Quix, I say yes. I'm all for learning more of Lyme, as of any other great mimickers, and perhaps this reflects that I'm all for any type of answers. The better educated we are (the forum), the better off we are. I say, Yes, we should give Limbolanders more advice on this matter,... and perhaps? we should warn them it may be an uphill battle, as Lyme is a touchy subject not only among us patients but among many dr.'s as well, so be sure to point them to the thread on "how to handle your doctor" (laughing).
I say "yes" As well. I also say that you have once again brought tears to my eyes and joy to my heart again... at Christmas....again....
Quix.. When you read the book you will find that MS is the one disease that she does NOT try to link lyme as a possible cause.She actually focuses more on ALS. Which I find very interesting given that I know 3 people who had been dx with and treated for lyme several years ago and now have ALS. (ages ranging from 50's to 36).
I do appreciate everyone's supoort and attempt to create a home for those of us that feel uncomfortable elsewhere.
Does anyone know how the symptom list was created (AFAIK, ILADS doesn't seem to rely on any objective test due to Lyme's elusiveness). Does it ultimately trace back to those symptoms normally accompanied by conventional blood tests that show positive by some criterion?
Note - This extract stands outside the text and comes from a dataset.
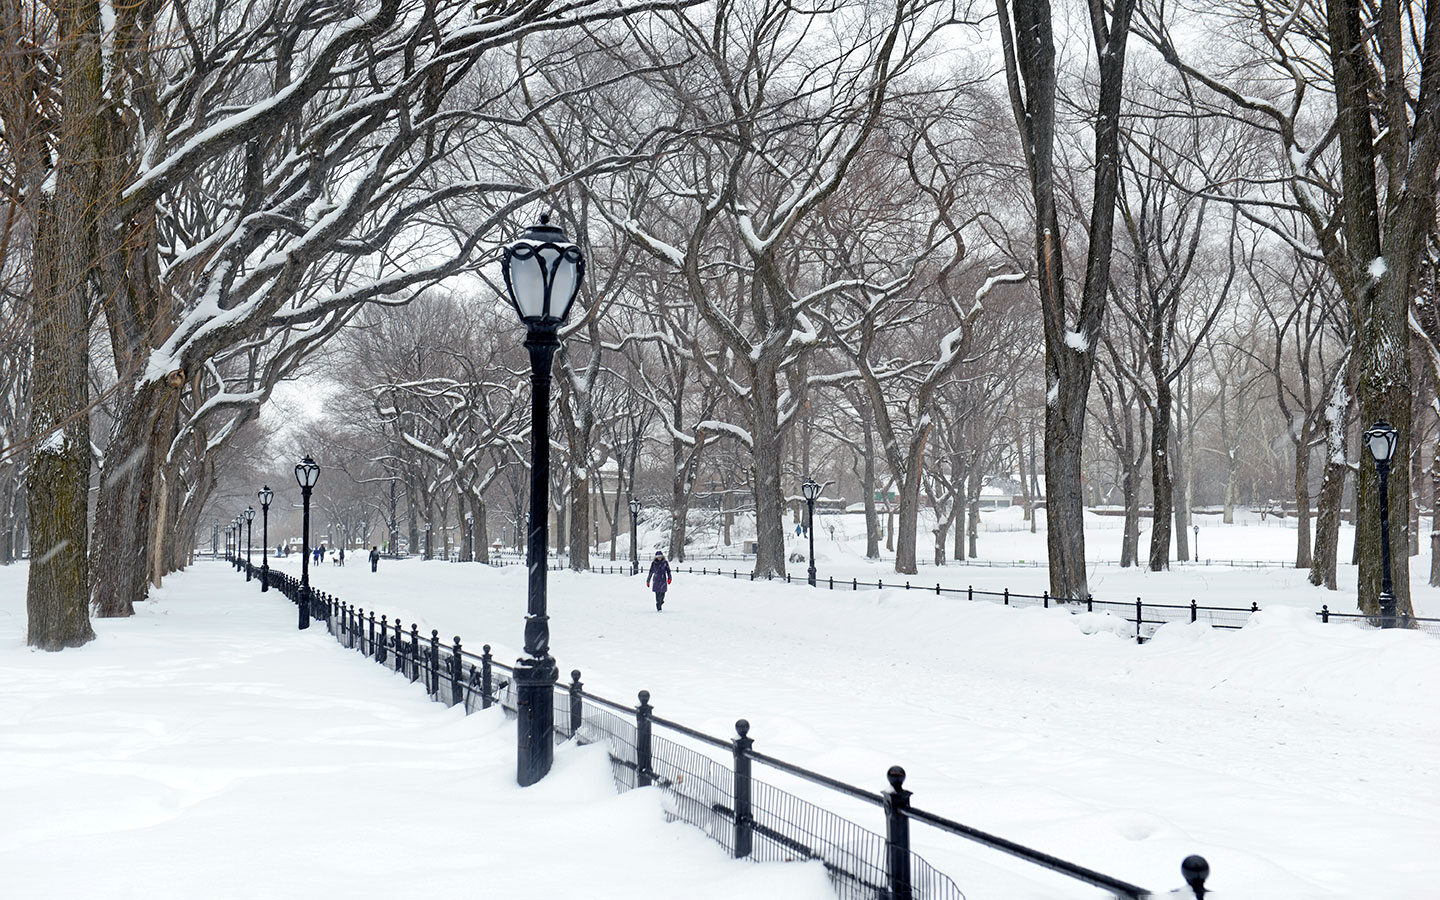 Snowy scenes in New York in winter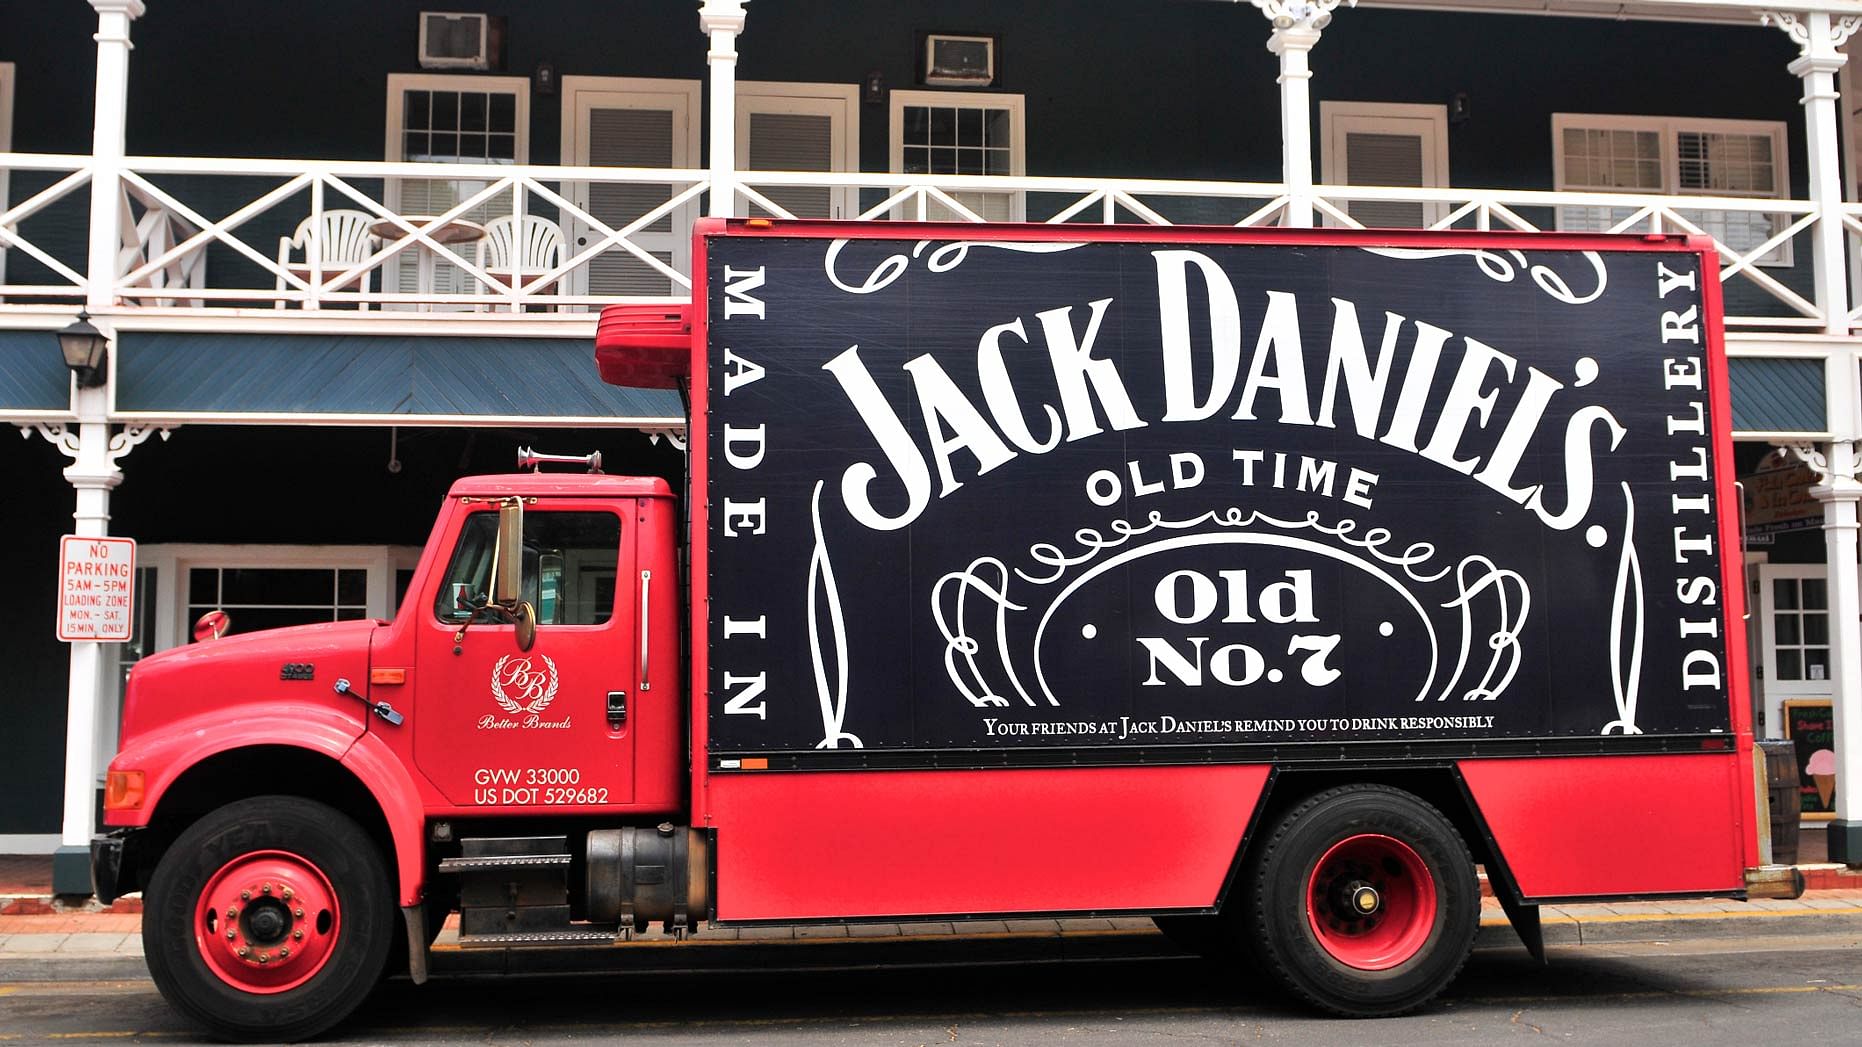 Jack Daniels truck in Tennessee. (Photo: iStock)

Why won't they test for lyme in Georgia. They keep saying there are no cases of lyme in GA but the doctors will not test for it. I live in the foothills of the appalachian mountains. lyme disease is in tn, north carolina, but not ga. Lyme disease cases have been reported 30 miles away from me yet they still say it is not in my area. So my theory on this is doctors do not test therefore they do not have any positive cases to report to the cdc. This wuld be the reason that lyme is not in GA. I think it is here but since there are no reported cases because they do not test for it, then most dr. assume it is not down here. I wish they would open there eyes they are intelligent ppl if Lyme is 30 miles away I think it is safe to say that any kind of animal that carries parasites can travel that far in a day, with the parasites. thus bringing Lyme disease into the area. I am so tired, i have decided that i must just be a mental case because no dr.'s will listen to me and I am running out of money. Good luck to all and if anyone finds a good doctor in the North Georgia area please let me know.